1911, Iris Pumila by Dykes
Gardeners' Chronicle p.277, May 6, 1911
Great as is the confusion in Iris nomenclature, no name is probably so frequently misused as that of I. pumila. It occurs in every nurseryman's catalogue, but it is extremely rare to find a specimen of the plant in their gardens, except in the shape of I. pumila coerulea, which is a true pumila. Of this, there are in commerce at least two forms, one of which is slightly larger than the other, and vastly more vigorous and floriferous. I. pumila is indeed one of the most floriferous of all Irises. In most species it is only the central growth at the end of the rhizomes that produces a bud, but in I. pumila as many as three or four of the growths on either side are also capable of flowering, so that each small rhizome may produce as many as nine flowers.
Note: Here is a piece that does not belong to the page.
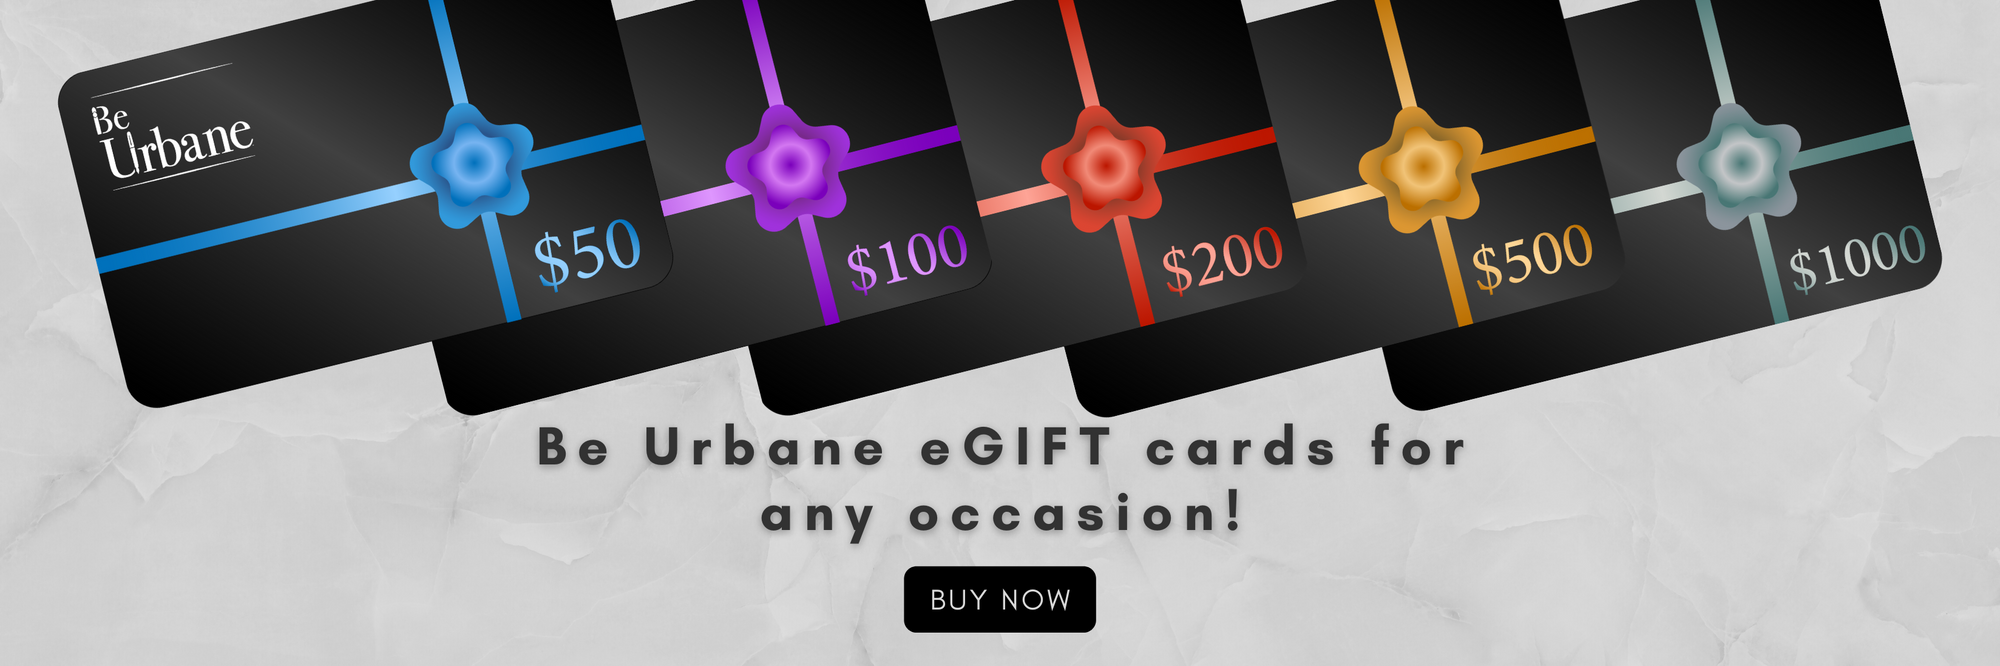 Be Urbane eGift Card
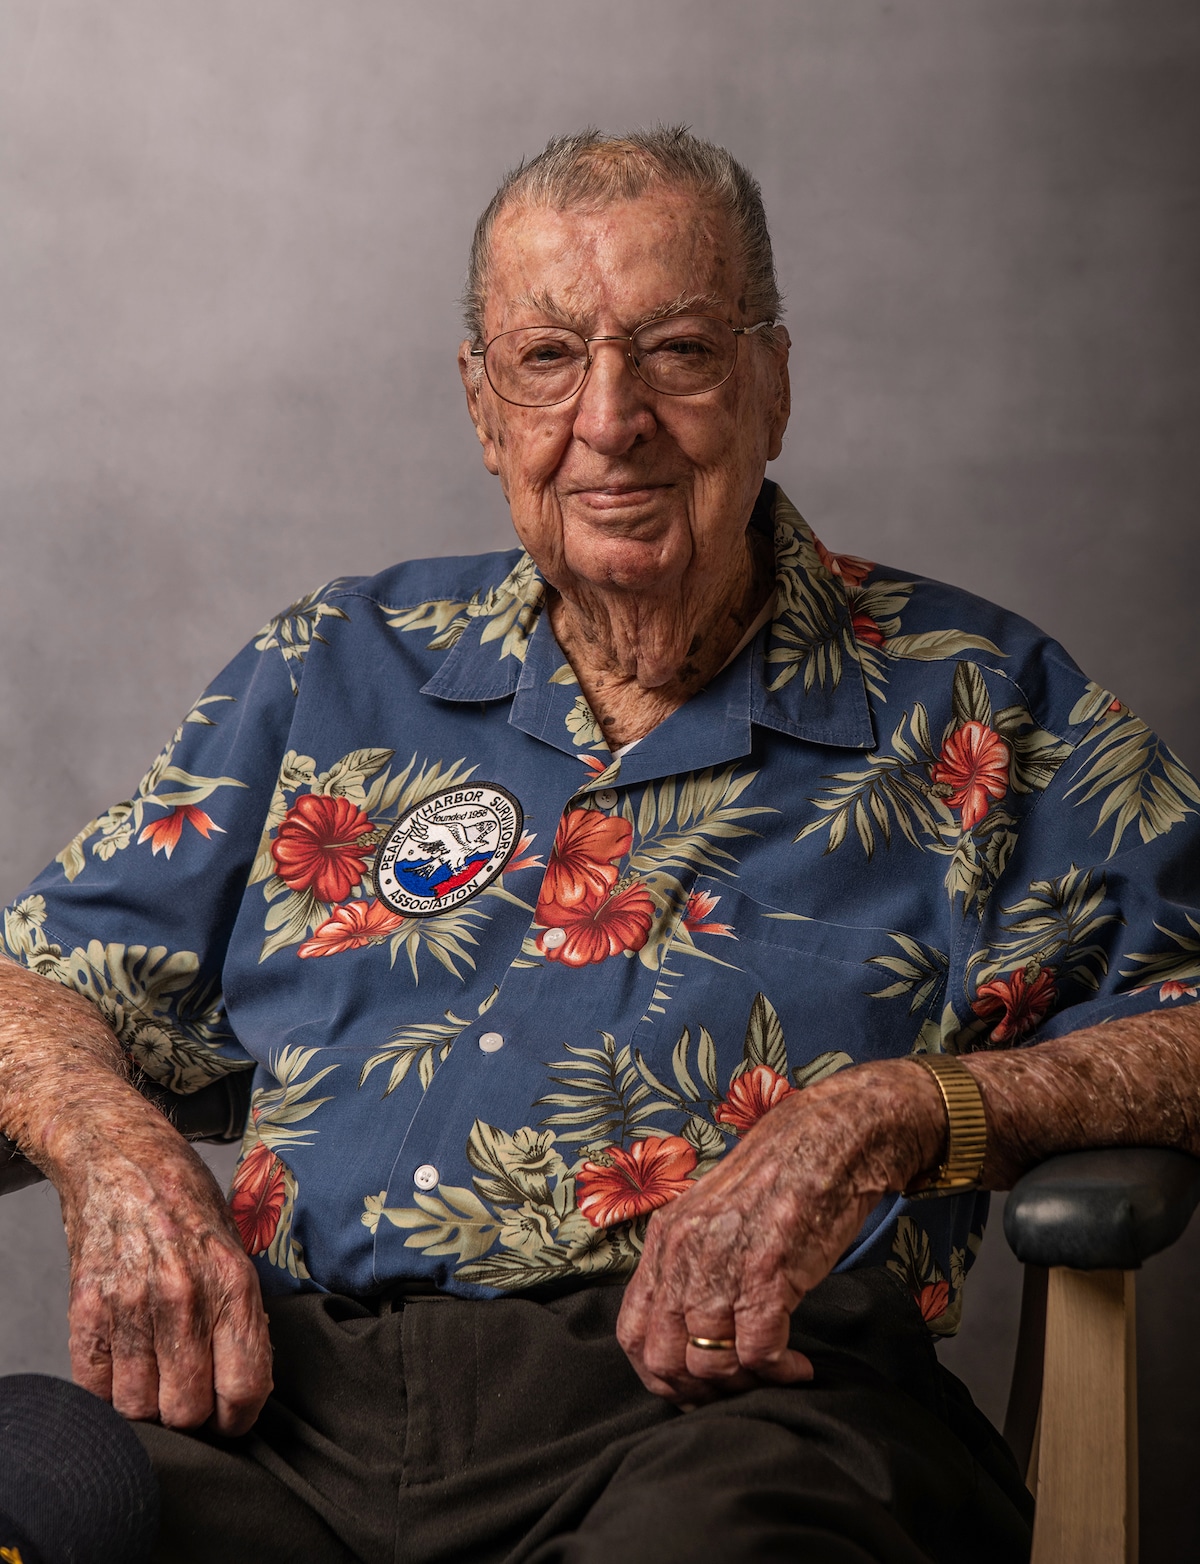 Portraits of Honor - World War II Veterans by Jeffrey Rease

The home of the species ends in the West at the hills near Vienna, where it grows abundantly in many colour forms, red-purple, blue, white, and yellow. The plant can there be traced eastward down the Danube, round the Black Sea by Odessa and the Crimea to the Volga, beyond which it does not apparently extend.
The features of the true plant are firstly the absence of stem ; secondly, the long (2 inch or more) perianth tube: thirdly, the loosely wrapping, and, as it were, shapeless spathe valves, and lastly, its early-flowering habit, for the true I. pumila is always the first of the bearded Irises to flower. The plants, with which it is confused, are forms and hybrids of the French and Italian Irises, to which the names lutescens, chamaeiris, olbiensis, and italica have been given. In these the stem is always obvious, though often only an inch or two in length, the perianth tube is not much more than an inch in length, the spathe valve's are keeled, and their outline is better defined, and the flowering time is a week or two later than that of I. pumila. W. E. Dykes, Charterhouse, Godalming.